In this study, there was a decrease in mean value of central 3 mm anterior elevation map after surgery but that decrease was clinically significant only at three and six months postoperatively. also, there was no significant difference(p>0.05) in mean values of anterior elevation map preoperatively between the two groups, but after surgery, small sized group has significant lower mean value of anterior elevation map than large sized group.
Mean value of apical corneal thickness significally (p<0.05) decreased after surgery but there was no significant difference between two groups neither preoperatively nor after surgery.
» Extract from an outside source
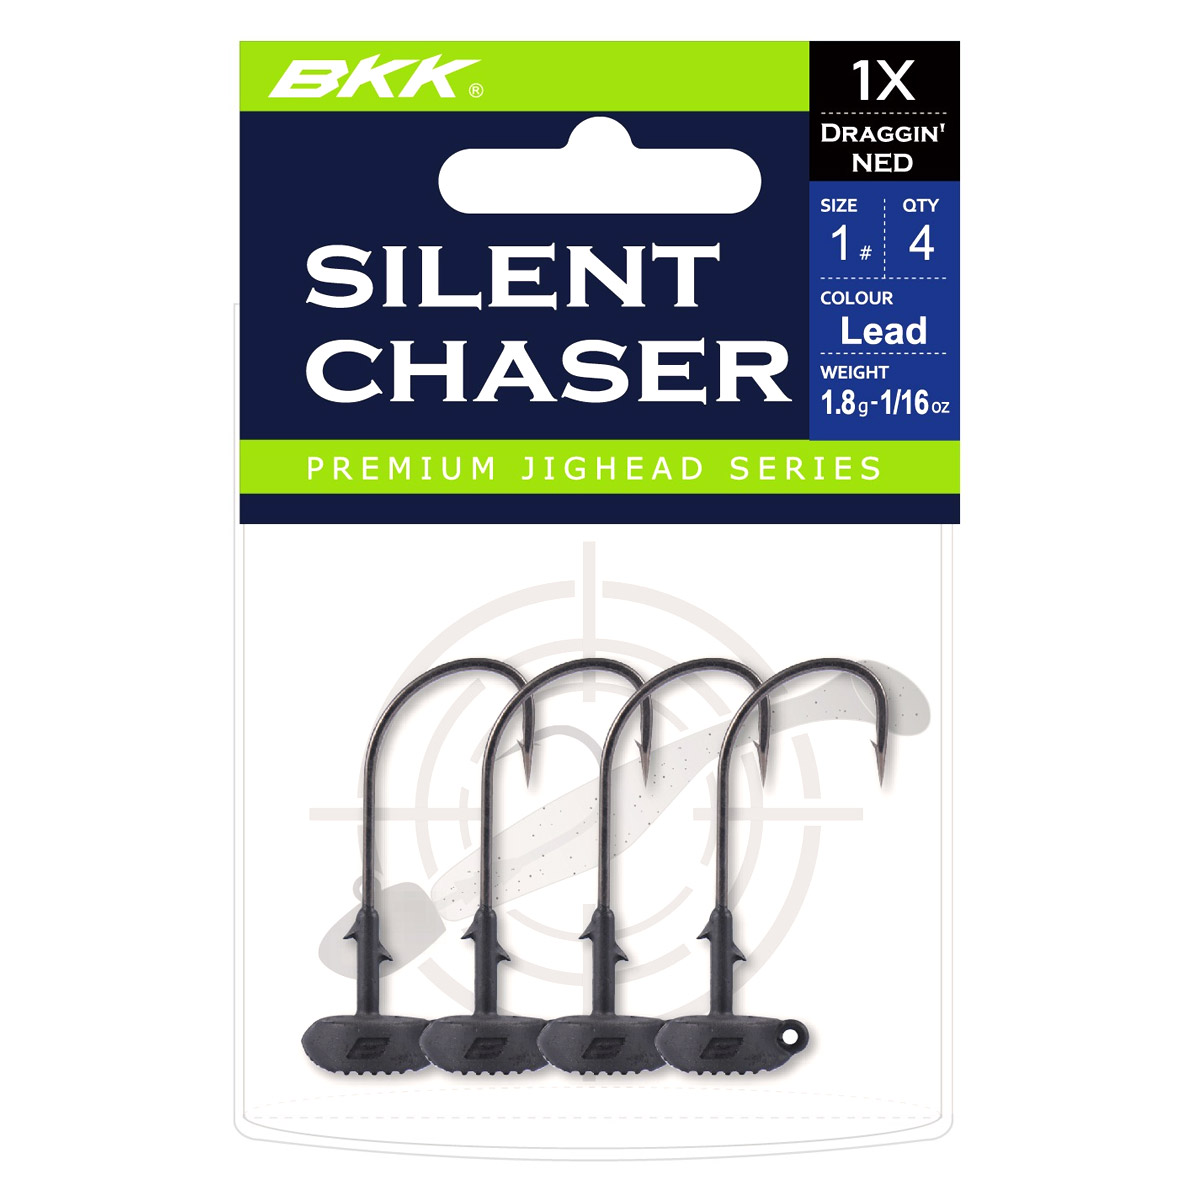 BKK Silent Chaser Draggin' Ned Green Size 1

In the current study, the mean values of UCVA and BCVA were statistically better during the three visits postoperatively. Additionally, the mean values of both were better in small sized pterygium group than the large sized one.
The mean value of refractive sphere significally decrease after surgery but there was no significant difference in mean values of refractive sphere between the two groups preoperatively and after surgery. On the other hand, the mean value of refractive cylinder decreased significally (p<0.05) after surgery. Additionally, the mean values of refractive cylinder was higher in large sized group preoperatively and during the three visits of postoperative follow up.
Conclusion:
Pterygia lead to deterioration of visual acuity by causing refractive and topographic changes. Excision of pterygium leads to changes in astigmatism, keratometric power, apical corneal thickness as well as values of anterior elevation map.
Refractive and topographic values vary with pterygium size. Furthermore, topographic and refractive results after excision of pterygium are better in small sized pterygia than that of large sized ones.